*Available data*
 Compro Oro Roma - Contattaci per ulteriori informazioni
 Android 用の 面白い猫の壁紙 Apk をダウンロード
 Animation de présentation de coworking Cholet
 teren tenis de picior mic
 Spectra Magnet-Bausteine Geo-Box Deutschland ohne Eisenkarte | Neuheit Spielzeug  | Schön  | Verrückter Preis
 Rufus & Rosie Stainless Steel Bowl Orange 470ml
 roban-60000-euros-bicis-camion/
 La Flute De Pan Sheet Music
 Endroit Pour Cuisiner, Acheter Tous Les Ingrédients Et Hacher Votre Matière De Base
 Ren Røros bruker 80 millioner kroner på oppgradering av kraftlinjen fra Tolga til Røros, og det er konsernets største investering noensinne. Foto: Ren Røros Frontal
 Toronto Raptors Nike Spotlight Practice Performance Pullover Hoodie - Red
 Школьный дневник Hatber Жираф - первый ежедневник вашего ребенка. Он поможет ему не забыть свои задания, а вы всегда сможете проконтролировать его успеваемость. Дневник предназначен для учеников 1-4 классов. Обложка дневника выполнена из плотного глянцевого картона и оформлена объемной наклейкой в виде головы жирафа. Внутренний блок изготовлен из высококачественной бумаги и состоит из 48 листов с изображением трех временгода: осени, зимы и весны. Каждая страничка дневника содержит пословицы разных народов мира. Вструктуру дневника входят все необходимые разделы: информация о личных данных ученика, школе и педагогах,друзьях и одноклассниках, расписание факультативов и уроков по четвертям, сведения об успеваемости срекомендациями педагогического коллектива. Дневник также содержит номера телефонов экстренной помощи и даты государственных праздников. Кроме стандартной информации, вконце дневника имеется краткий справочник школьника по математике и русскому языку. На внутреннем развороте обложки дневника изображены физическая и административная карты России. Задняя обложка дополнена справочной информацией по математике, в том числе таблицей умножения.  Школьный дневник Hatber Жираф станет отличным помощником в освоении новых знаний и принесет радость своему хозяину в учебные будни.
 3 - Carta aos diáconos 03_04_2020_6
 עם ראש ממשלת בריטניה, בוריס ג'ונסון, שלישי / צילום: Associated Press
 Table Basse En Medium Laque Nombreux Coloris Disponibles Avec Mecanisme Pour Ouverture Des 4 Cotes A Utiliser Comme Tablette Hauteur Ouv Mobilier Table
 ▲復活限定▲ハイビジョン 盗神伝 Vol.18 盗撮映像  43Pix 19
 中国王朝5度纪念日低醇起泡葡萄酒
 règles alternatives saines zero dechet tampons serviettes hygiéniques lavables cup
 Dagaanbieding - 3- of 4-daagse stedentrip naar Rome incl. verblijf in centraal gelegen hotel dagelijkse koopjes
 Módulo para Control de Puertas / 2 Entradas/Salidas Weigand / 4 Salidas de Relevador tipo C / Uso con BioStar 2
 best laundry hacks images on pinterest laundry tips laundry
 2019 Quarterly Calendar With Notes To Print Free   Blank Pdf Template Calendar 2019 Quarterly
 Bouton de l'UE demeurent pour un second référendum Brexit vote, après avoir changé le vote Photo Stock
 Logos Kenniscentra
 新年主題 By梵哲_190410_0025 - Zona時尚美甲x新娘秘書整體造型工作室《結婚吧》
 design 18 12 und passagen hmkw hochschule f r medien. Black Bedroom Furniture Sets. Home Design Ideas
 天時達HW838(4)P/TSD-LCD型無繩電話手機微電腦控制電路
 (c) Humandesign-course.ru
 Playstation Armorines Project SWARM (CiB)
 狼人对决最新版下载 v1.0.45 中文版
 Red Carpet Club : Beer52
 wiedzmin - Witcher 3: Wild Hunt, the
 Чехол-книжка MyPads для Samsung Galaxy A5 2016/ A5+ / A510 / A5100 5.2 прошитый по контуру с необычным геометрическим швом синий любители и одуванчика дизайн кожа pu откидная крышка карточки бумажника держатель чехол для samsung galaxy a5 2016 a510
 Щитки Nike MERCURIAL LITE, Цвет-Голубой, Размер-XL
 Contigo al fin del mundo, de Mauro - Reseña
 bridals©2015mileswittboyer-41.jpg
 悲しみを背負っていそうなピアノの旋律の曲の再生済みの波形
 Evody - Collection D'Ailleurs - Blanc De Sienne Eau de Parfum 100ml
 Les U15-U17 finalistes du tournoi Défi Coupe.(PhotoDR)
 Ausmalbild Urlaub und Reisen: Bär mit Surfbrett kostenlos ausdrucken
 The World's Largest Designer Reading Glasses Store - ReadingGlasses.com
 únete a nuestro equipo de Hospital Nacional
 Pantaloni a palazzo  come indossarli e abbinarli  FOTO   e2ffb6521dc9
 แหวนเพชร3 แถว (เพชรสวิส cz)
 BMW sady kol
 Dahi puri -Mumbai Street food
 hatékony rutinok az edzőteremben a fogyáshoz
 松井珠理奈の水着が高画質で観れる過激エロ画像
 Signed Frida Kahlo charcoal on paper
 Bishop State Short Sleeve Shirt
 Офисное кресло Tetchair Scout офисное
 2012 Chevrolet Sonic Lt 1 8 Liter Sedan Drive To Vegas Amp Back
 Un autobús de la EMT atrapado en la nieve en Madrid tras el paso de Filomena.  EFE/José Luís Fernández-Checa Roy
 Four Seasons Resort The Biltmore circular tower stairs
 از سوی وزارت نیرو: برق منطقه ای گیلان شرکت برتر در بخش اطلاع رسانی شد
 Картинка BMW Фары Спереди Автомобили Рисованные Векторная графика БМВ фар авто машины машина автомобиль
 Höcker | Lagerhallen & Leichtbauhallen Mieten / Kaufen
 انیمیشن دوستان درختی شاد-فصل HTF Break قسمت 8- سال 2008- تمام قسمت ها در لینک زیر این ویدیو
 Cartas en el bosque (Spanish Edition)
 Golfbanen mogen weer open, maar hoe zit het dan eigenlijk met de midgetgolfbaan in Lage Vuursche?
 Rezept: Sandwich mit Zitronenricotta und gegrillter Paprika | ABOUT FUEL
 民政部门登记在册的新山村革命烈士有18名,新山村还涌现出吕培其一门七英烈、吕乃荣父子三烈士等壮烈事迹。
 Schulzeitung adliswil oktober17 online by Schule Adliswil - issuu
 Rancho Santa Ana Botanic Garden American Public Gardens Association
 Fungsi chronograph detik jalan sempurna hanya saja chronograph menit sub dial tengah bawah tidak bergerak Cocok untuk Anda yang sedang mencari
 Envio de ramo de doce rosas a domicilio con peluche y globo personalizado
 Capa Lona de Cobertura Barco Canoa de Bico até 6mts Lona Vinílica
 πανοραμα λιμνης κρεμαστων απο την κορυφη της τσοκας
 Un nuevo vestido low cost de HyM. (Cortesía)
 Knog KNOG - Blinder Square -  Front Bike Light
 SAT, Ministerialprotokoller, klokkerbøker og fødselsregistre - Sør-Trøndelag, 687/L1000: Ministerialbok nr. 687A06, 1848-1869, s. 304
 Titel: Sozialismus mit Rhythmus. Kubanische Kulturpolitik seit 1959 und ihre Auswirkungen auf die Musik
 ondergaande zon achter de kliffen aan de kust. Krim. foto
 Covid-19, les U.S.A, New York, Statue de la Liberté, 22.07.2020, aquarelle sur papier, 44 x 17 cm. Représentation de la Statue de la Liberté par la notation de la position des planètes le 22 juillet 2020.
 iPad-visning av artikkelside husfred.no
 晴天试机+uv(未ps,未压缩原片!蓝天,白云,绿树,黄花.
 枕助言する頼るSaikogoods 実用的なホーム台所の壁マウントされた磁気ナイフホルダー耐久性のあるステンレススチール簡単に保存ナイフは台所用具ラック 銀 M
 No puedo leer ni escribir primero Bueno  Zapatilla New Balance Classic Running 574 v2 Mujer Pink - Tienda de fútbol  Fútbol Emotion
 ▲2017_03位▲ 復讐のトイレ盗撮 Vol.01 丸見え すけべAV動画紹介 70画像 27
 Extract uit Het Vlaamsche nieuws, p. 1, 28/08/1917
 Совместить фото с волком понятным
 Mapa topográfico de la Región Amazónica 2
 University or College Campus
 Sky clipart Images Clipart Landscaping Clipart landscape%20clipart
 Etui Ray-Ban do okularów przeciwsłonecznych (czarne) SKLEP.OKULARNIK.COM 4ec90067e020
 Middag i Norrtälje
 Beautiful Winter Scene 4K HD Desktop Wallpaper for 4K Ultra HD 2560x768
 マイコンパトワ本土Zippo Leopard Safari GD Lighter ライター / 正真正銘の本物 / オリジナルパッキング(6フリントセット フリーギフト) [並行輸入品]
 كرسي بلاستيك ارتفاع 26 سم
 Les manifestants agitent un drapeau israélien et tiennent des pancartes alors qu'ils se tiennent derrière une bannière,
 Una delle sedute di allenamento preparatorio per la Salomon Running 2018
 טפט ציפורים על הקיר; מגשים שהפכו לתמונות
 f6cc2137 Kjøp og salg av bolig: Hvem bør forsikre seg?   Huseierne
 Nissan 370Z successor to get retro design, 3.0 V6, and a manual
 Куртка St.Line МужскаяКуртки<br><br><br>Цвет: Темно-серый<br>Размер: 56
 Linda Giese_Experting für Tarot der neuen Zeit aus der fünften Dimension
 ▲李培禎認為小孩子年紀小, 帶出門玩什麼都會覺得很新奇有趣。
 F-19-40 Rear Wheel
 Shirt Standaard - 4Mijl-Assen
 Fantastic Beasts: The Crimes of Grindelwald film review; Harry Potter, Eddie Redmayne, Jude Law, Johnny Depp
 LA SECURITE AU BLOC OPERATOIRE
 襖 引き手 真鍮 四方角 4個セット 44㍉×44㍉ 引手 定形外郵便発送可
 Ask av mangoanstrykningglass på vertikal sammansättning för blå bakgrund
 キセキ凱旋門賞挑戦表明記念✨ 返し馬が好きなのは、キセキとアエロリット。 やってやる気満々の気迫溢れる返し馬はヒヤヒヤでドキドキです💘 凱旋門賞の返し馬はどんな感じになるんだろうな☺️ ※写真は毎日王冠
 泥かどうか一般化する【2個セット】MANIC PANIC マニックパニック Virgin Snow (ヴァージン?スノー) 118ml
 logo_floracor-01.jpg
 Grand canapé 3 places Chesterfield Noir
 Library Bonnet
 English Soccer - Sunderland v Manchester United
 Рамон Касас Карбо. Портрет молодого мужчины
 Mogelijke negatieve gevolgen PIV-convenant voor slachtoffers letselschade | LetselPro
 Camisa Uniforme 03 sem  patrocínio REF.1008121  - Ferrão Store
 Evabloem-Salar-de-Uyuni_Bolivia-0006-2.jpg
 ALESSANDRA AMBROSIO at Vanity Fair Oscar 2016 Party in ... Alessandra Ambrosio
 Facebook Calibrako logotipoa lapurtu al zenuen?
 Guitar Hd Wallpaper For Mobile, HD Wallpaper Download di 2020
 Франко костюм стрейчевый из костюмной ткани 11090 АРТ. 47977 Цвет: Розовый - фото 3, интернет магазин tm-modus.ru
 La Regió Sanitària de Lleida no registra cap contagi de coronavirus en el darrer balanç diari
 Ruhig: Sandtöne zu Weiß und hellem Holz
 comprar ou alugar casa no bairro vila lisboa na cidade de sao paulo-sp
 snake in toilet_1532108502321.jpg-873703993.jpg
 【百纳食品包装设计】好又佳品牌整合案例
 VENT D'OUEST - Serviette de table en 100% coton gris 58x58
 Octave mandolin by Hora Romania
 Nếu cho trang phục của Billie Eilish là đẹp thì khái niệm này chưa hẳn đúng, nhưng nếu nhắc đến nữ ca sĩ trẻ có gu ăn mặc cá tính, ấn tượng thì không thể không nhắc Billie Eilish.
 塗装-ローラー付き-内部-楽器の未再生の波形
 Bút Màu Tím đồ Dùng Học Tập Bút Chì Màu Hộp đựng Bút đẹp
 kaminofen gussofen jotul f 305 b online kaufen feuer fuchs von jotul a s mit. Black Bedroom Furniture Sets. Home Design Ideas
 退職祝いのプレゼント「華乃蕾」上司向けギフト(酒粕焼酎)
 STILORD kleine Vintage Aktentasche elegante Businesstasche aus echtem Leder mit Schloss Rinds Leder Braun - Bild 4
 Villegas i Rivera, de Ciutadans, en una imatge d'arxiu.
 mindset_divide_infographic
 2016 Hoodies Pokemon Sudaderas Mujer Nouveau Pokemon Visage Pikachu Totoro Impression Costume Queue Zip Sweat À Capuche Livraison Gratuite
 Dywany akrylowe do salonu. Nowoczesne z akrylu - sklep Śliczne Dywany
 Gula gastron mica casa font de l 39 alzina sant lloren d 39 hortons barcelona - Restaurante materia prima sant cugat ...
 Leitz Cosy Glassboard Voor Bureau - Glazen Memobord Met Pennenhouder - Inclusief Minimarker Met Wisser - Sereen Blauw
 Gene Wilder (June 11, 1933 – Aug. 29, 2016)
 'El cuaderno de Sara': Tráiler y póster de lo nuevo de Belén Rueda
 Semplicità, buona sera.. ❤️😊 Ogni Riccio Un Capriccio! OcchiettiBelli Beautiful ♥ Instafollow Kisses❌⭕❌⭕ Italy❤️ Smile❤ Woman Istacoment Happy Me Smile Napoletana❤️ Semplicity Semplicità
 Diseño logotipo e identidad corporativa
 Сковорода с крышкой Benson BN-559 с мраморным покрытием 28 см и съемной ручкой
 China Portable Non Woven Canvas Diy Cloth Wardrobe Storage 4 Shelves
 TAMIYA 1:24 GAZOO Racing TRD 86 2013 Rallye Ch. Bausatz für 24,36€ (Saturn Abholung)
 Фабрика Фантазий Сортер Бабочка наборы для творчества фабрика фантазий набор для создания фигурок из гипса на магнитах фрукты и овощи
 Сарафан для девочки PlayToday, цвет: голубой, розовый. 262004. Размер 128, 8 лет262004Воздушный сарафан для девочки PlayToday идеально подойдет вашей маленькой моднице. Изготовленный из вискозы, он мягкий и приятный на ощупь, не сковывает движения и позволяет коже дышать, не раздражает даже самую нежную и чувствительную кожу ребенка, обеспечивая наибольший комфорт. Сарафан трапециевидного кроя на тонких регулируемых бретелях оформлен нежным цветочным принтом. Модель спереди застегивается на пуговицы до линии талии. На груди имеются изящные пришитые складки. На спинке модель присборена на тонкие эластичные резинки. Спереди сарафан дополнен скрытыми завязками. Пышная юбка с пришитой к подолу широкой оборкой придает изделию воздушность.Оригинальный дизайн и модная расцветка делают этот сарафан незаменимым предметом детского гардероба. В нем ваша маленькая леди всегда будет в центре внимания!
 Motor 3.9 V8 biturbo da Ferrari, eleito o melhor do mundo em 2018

*Directions for this task*
Scan the listing above for the line that has "Ruhig: Sandtöne zu Weiß und hellem Holz", then copy exactly from that line through the line that has "Gula gastron mica".

*Task result*
 Ruhig: Sandtöne zu Weiß und hellem Holz
 comprar ou alugar casa no bairro vila lisboa na cidade de sao paulo-sp
 snake in toilet_1532108502321.jpg-873703993.jpg
 【百纳食品包装设计】好又佳品牌整合案例
 VENT D'OUEST - Serviette de table en 100% coton gris 58x58
 Octave mandolin by Hora Romania
 Nếu cho trang phục của Billie Eilish là đẹp thì khái niệm này chưa hẳn đúng, nhưng nếu nhắc đến nữ ca sĩ trẻ có gu ăn mặc cá tính, ấn tượng thì không thể không nhắc Billie Eilish.
 塗装-ローラー付き-内部-楽器の未再生の波形
 Bút Màu Tím đồ Dùng Học Tập Bút Chì Màu Hộp đựng Bút đẹp
 kaminofen gussofen jotul f 305 b online kaufen feuer fuchs von jotul a s mit. Black Bedroom Furniture Sets. Home Design Ideas
 退職祝いのプレゼント「華乃蕾」上司向けギフト(酒粕焼酎)
 STILORD kleine Vintage Aktentasche elegante Businesstasche aus echtem Leder mit Schloss Rinds Leder Braun - Bild 4
 Villegas i Rivera, de Ciutadans, en una imatge d'arxiu.
 mindset_divide_infographic
 2016 Hoodies Pokemon Sudaderas Mujer Nouveau Pokemon Visage Pikachu Totoro Impression Costume Queue Zip Sweat À Capuche Livraison Gratuite
 Dywany akrylowe do salonu. Nowoczesne z akrylu - sklep Śliczne Dywany
 Gula gastron mica casa font de l 39 alzina sant lloren d 39 hortons barcelona - Restaurante materia prima sant cugat ...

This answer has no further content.